If you read my slides, Python 3 was forked from Python 2 on purpose. Backward compatibility and reduce the number of differences between Python 2 and Python 3 were part of the Python 3 design. Technically, it's possible to write Python code running on Python 2 and Python 3 with a few changes (see the six module). I consider that this part is a success.

> What I do not understand - to this day is why make it so hard on the users in the first place? Why not let programmers use both Python 2 and Python 3 in the same program (...)

Honestly, I don't think that it's for a technical reason. Technically, you can do many things. In practice, Python is written by a small team of developers working in their free time. Developers prefer to work on a fresh code base without all the design issues of Python 2. But many changes were made in Python 2.7 and Python 3.x to make the migration simpler.

Python prefers to regulary makes tiny backward incompatible changes (prepared with deprecation warnings in the previous release) to reduce the technical debt inside Python. Perl works differently. In Perl, you can ask to get the old behaviour in one file (ex: run as Perl 5.14 in Perl 5.20).

IMHO it's more a deliberate choice to regularly polish the language and its standard library.

It's not easy to compare Python and Perl because of these differences. But I let you decide between Perl6 and Python3 which one succeded. Hint: Perl developers like to repeat like Perl6 is a different language that you should have a different name.

Perl5 continues to evolve whereas Python community decided to "un-schedule" Python 2.8.

2to3 was a bad idea

Posted Feb 21, 2018 11:32 UTC (Wed) by niner (subscriber, #26151) [Link] (9 responses)

Inline::Perl5 works with a single process using Perl 5's embedding interface. So yes, there are two interpreters/virtual machines, but they are in the same process. Data has to be marshalled/converted between the two and one needs shims to make e.g. classes of the one language available in the other. Inline::Perl5 makes this rather seamless though with the effect that for most cases it just magically works(tm). Of course Perl's flexibility as a language helps in this. Note that there are also Inline::Python modules both for Perl 5 and Perl 6. They allow for the same kind of interoperability between Python and Perl.

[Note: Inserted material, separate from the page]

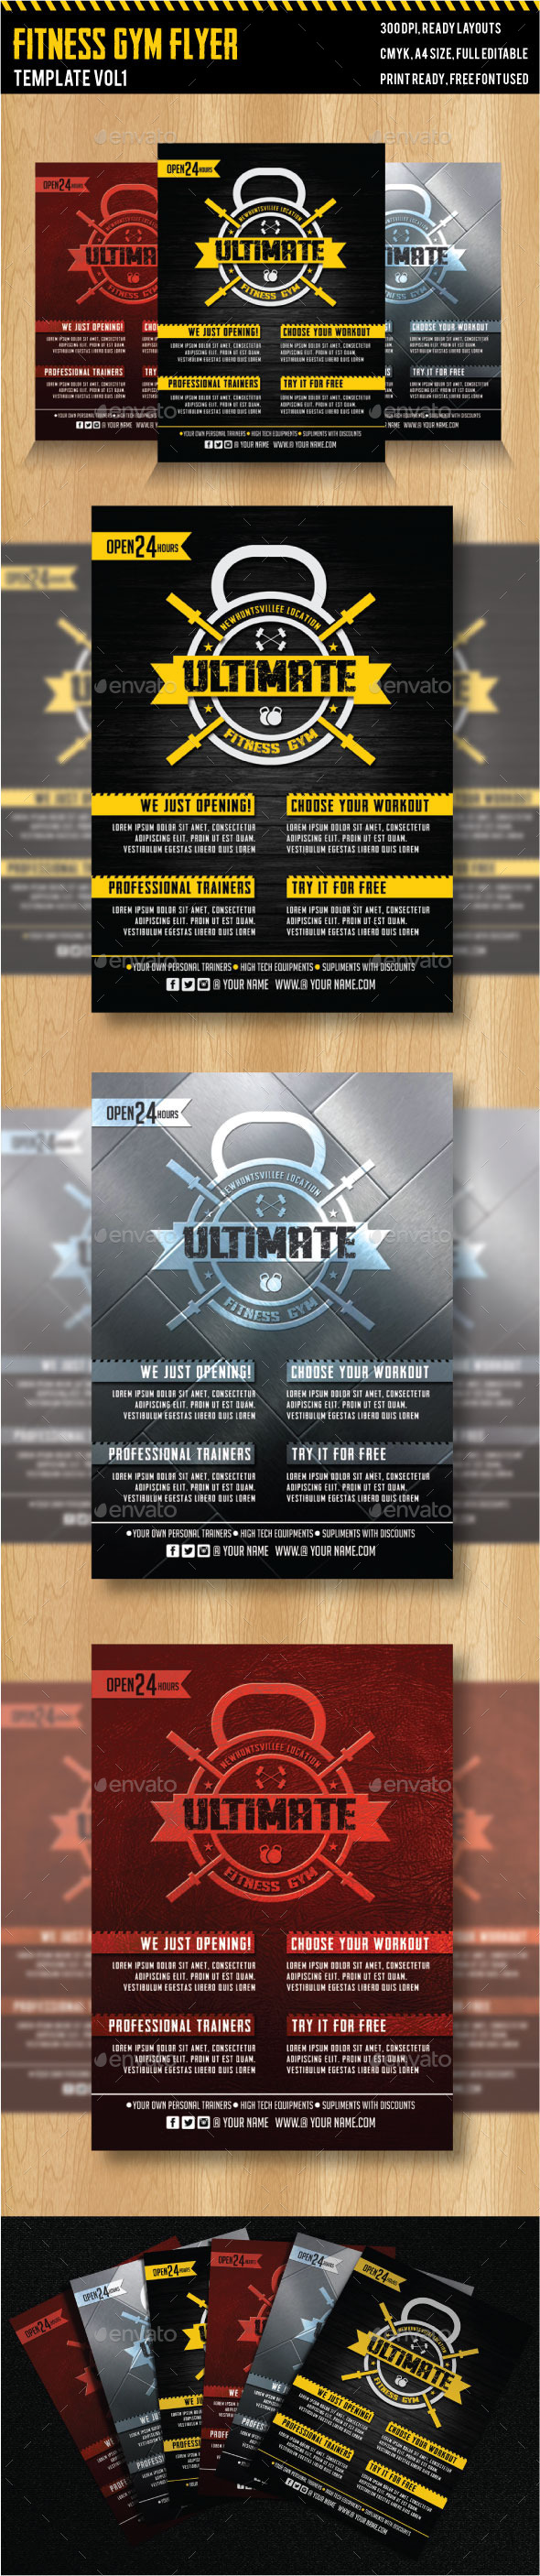 Fitness - Gym Flyer Templates

For compatibility between Python 2 and Python 3 code, embedding is not an option since ironically their internals are too similar, i.e. they share symbol names. But combining the two is still possible using two processes and IPC, like you imagined Inline::Perl5 would work. That would have been an option since day one of Python3K. Of course it's not perfect and performance would be an issue. But there are countless cases where something like this could have spared users a lot of pain and made it easier for people to start using Python 3, even though some essential 3rd party libraries had not migrated yet. And it'd have made it easier for library authors to upgrade without losing their user base. It could even still help today.

As the author of Inline::Perl5 I can tell you, that getting it to a point where I could use Perl 5's database support in Perl 6 was an effort of two fun afternoons of hacking. Once you've got a basic communications channel open, it's really just a matter of making it more comfortable to use and blur the borders between languages.

Regarding the success of Python 3 vs. Perl 6 I can share a user's perspective: my company is stuck on Python 2 with no sane way to upgrade while we are already using some Perl 6 code in production. And the sole reason for the latter is the ability to combine both Perls in a system.

2to3 was a bad idea

Posted Feb 22, 2018 6:59 UTC (Thu) by mb (subscriber, #50428) [Link] (8 responses)

>For compatibility between Python 2 and Python 3 code, embedding is not an option

I don't think this is the case.

It is easily possible to have a program that runs on 3.x and 2.7, as long as new 3.x-only features and old deprecated pre-2.7 features are not used.
So in the transition period it's just needed to first port to 2.7 and then to 3.x.
Code embedding is not needed at all, because the syntax is fully compatible. The rest is handled by the highly dynamic nature of the language. You can just do if 3: foo; else bar for API differences in the libraries.

2to3 was a bad idea

Posted Feb 22, 2018 7:41 UTC (Thu) by niner (subscriber, #26151) [Link] (6 responses)

The point is that you have to port all your code including all your dependencies and their dependencies and ... to 2.7 and then again all your code and all those dependencies to 3.x. If that were easy or quick, it wouldn't have taken Python 3 10 years to gain acceptance.

2to3 was a bad idea

Posted Feb 22, 2018 8:35 UTC (Thu) by rahulsundaram (subscriber, #21946) [Link] (5 responses)

>If that were easy or quick, it wouldn't have taken Python 3 10 years to gain acceptance.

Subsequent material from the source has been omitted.